十数年前、小学校の教室では「SPEED派」と「浜崎あゆみ派」がしずかに熱く戦闘を繰り広げていた。SPEED派が教室の片隅で楽曲のダンスを練習するかたわら、「あゆ派」は、カバンに備えたふわふわのしっぽキーホルダーをさりげなくちらつかせる。

そんな混沌とした空気でも「安室奈美恵派なので」ときっぱり答える子には、誰もが心の中で会釈をしたはずだ。毎月愉快だと思うマンガや豪華な付録を披露し合う「ちゃお派」と「りぼん派」のなかで、堂々と「自分はなかよし派」と答える子が一目置かれる、それと同じである。

十数年経ったいま、マンガや本はアプリや電子書籍で読める習慣がすっかり浸透した。

風邪を引いて若干大袈裟にふるまい学校を休んだ日、家で教育テレビを観ている最中は、胸をじわりと浅くえぐられるような背徳感があった。
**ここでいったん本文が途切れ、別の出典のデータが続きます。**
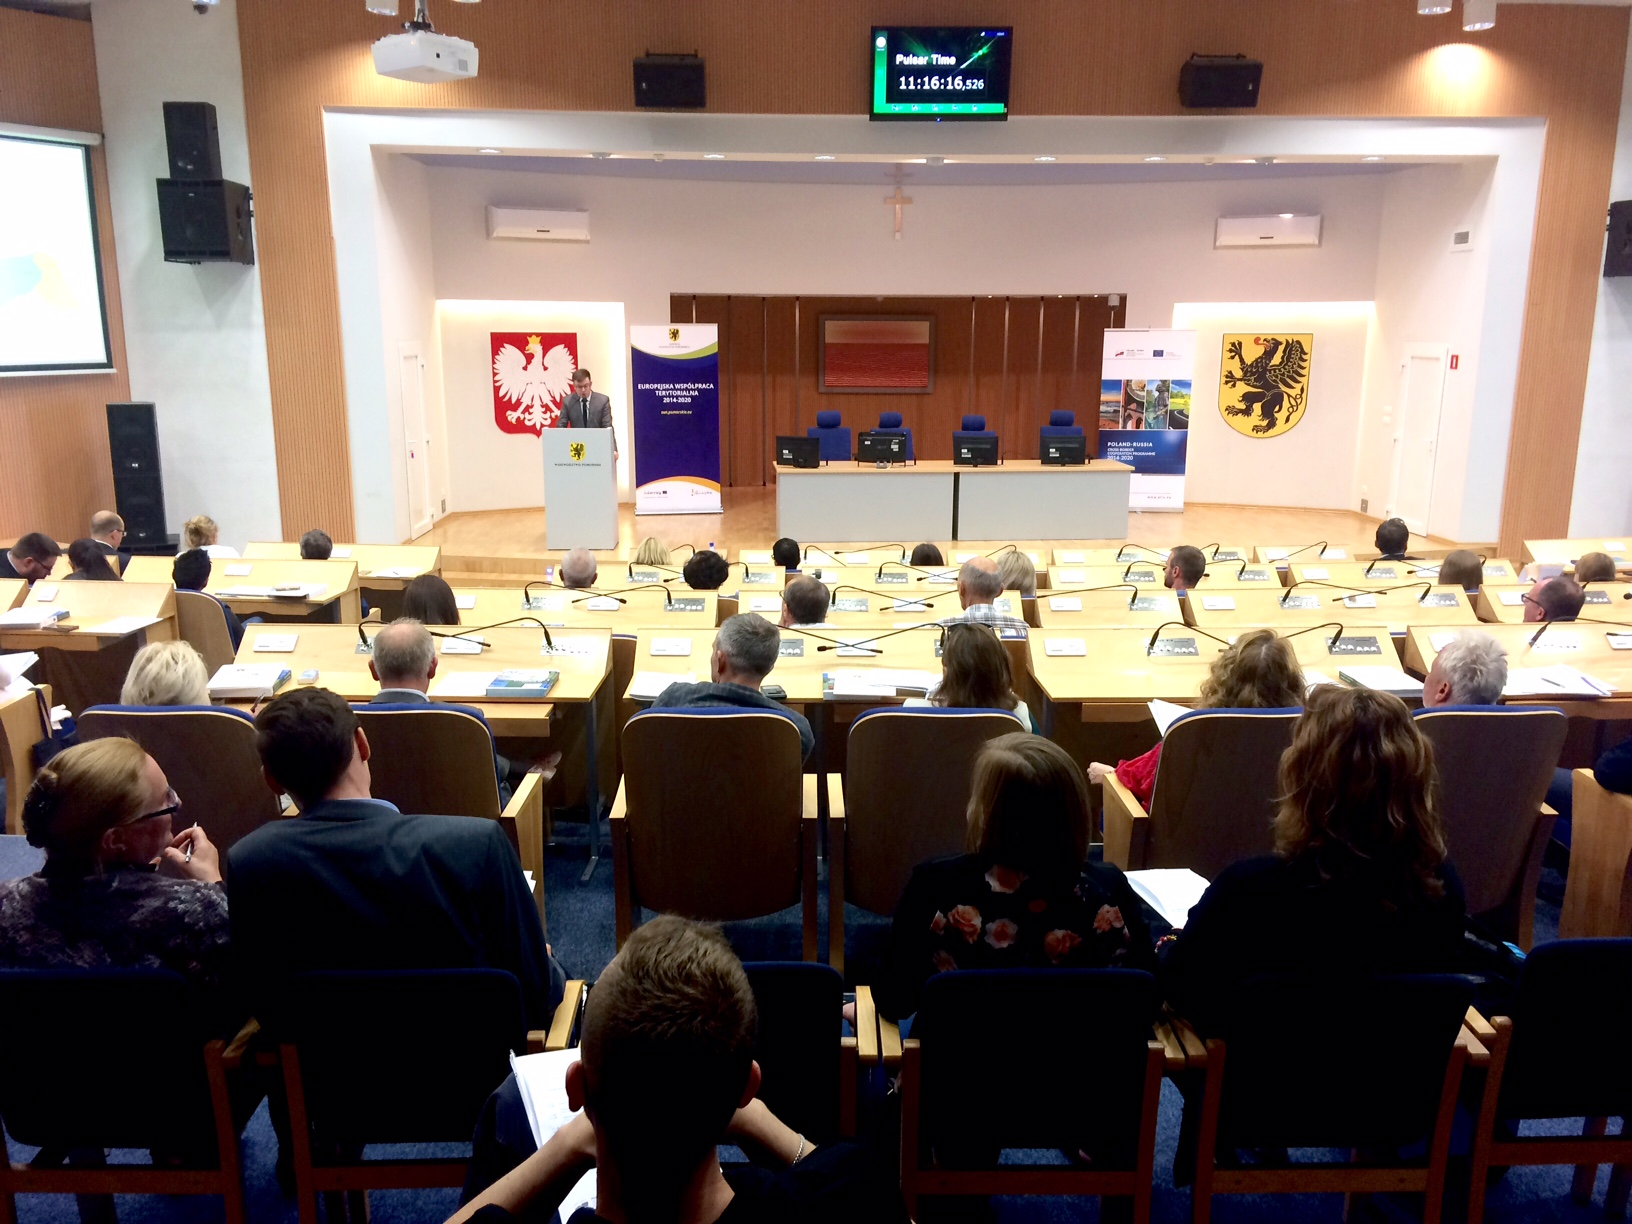 Spotkanie Polska-Rosja w Gdańsku – materiały do pobrania

「えいごであそぼ」「ハッチポッチステーション」付近ではまだまだ元気なのだが、「ガンコちゃん」「さわやか3組」のあたりで急激にずしんと来る。

そのうえ、近所の同級生がやや遠回りして宿題やおたよりを届けてくれるものだから申し訳なくなり、夕方には「本当は行けたのではないだろうか」と自問自答しながら、忍たま乱太郎を観る。

ひりっとした罪悪感を持参しながら翌日に登校すると、友人が「Dear みずき©」と書いた手紙をこっそりくれるし、内容は「学校休んで心配だった→。H/K、昨日国語で先生にすごく②叱られちゃったょ」なのだ。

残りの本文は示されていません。